White Nitro to Powder Keg to Pure Heat


----------



## Conrad (Mar 10, 2013)

Great report, I was there too!


----------



## Bumpsis (Mar 10, 2013)

Looks great!
So, how do get to the Birler, Edger and Sweeper Glades?

 I was at Sugarloaf durring the 3rd week in February and Brackett Basin was open, but all that we got to ski were the Cant Dog Glades. When we tried traversing from the top past the Cant Dogs, we saw some orange rope or other boundary markers -( we didn't get close enough to actually see it up close), but thinking that access to those further glades was closed off, we were just skiing the Cant dogs.
There was a lot of snow in the woods, so I didn't think they closed off the access to the Birdler -Sweeper galdes beacsue of insufficent coverage. Is there then another way to get to these besides just traversing past the drops into Cant Dogs?

And another question: If you decide to ski past the King Pine base and into the Rough Cut Glade, what do you look for in order to start cutting to skier's left so you can exit onto Cross Haul trail and thus into the Whiffletree lift?


----------



## Huck_It_Baby (Mar 10, 2013)

Nice SM, looks awesome!


----------



## Smellytele (Mar 10, 2013)

I had a great time there on 3/7 and 3/9. 3/7 had much better condition but 3/9 had better weather.
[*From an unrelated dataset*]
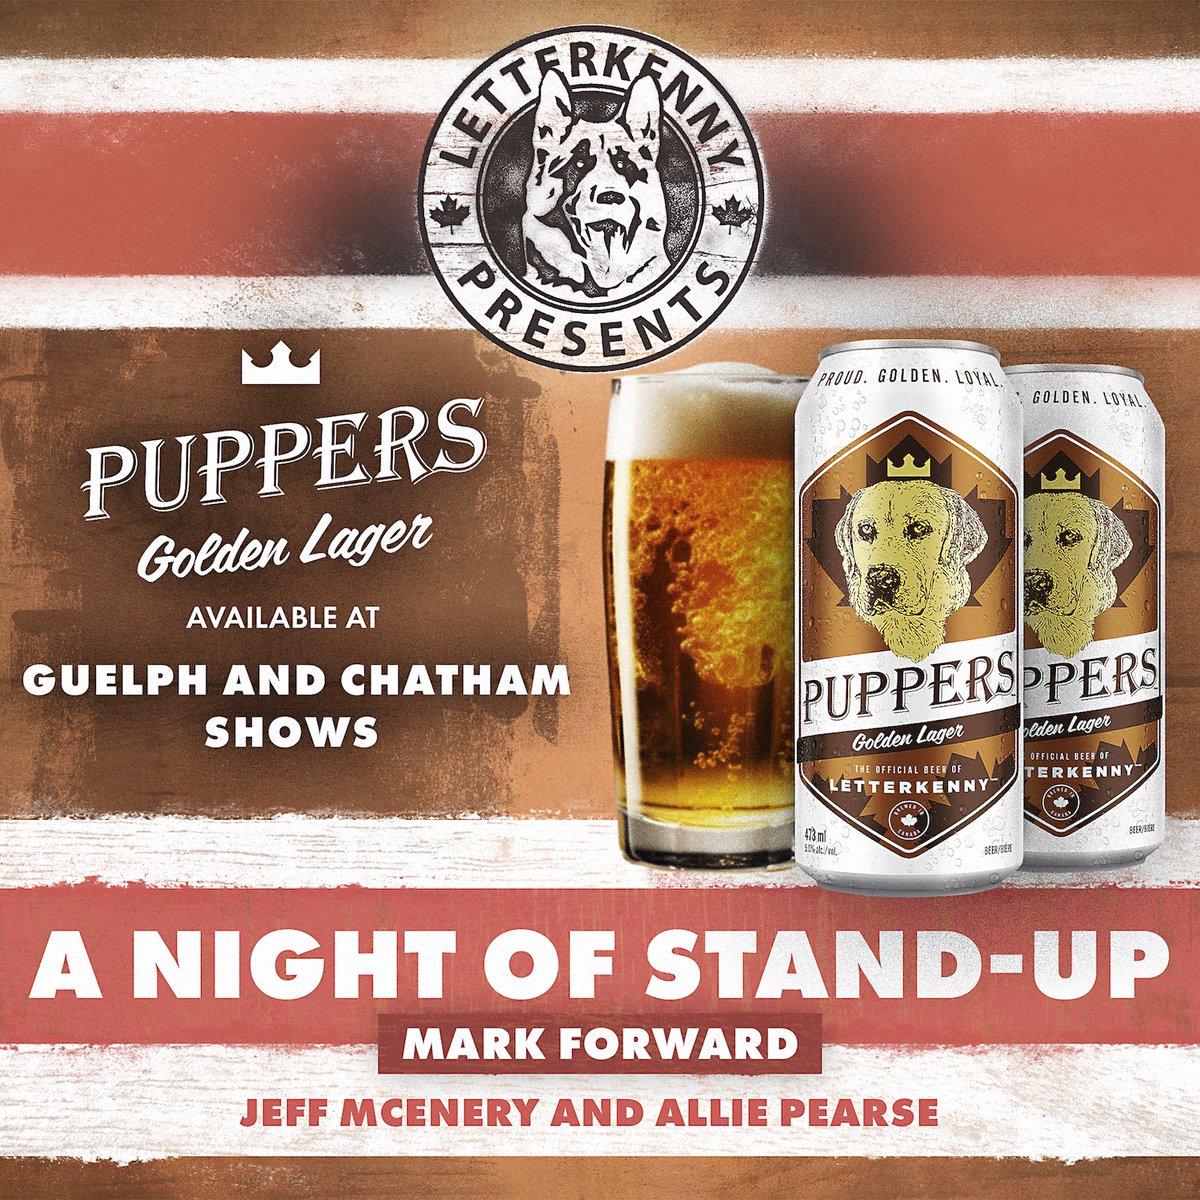 Heading to the Letterkenny Presents: A Night of Stand-Up tour in Guelph or Chatham next week? Puppers will be available to enjoy during the show. Hope to see you there! Don't have tickets yet? Grab them now at letterkenny.tv/live

Skied Brackett about 4 times thursday and 3 times Saturday. Had an adventure on our first time down Thursday skiing down past the exit to the pine tree lift. Cut back to the condos on a river bed coming out just below the sawdust lift . While I made it out the 3 boarders with me decided to get off the trail with about 200 yards to go before the pet walk trail and went down really far. I came out 100 yards from our condo - Skied right to it and waited had a beer and a shot of Jager and waited for about 1/2 hour until they final got out and walked up to the snubber lift.


----------



## snowmonster (Mar 10, 2013)

Conrad, Saturday was perfect, right?

Bumpsis, ski towards Cant Dog 2. Ski along the boundary line without going over (it leads to the backside). It's pretty narrow but after a while it spits you out onto Birler. Head uphill to Edger and Sweeper. Enjoy!

Huck It, if we have skins, we can hike up the Golden Road to the summit of Burnt Mountain. Seems like enjoyable sidecountry out there.


----------



## Conrad (Mar 10, 2013)

snowmonster said:


> Conrad, Saturday was perfect, right?



Yeah, it was a great day. Do you ski the Loaf and Sunday River often?


----------



## thetrailboss (Mar 10, 2013)

Sick!


----------



## Nick (Mar 11, 2013)

Awesome report!!


----------



## snowmonster (Mar 11, 2013)

Conrad said:


> Yeah, it was a great day. Do you ski the Loaf and Sunday River often?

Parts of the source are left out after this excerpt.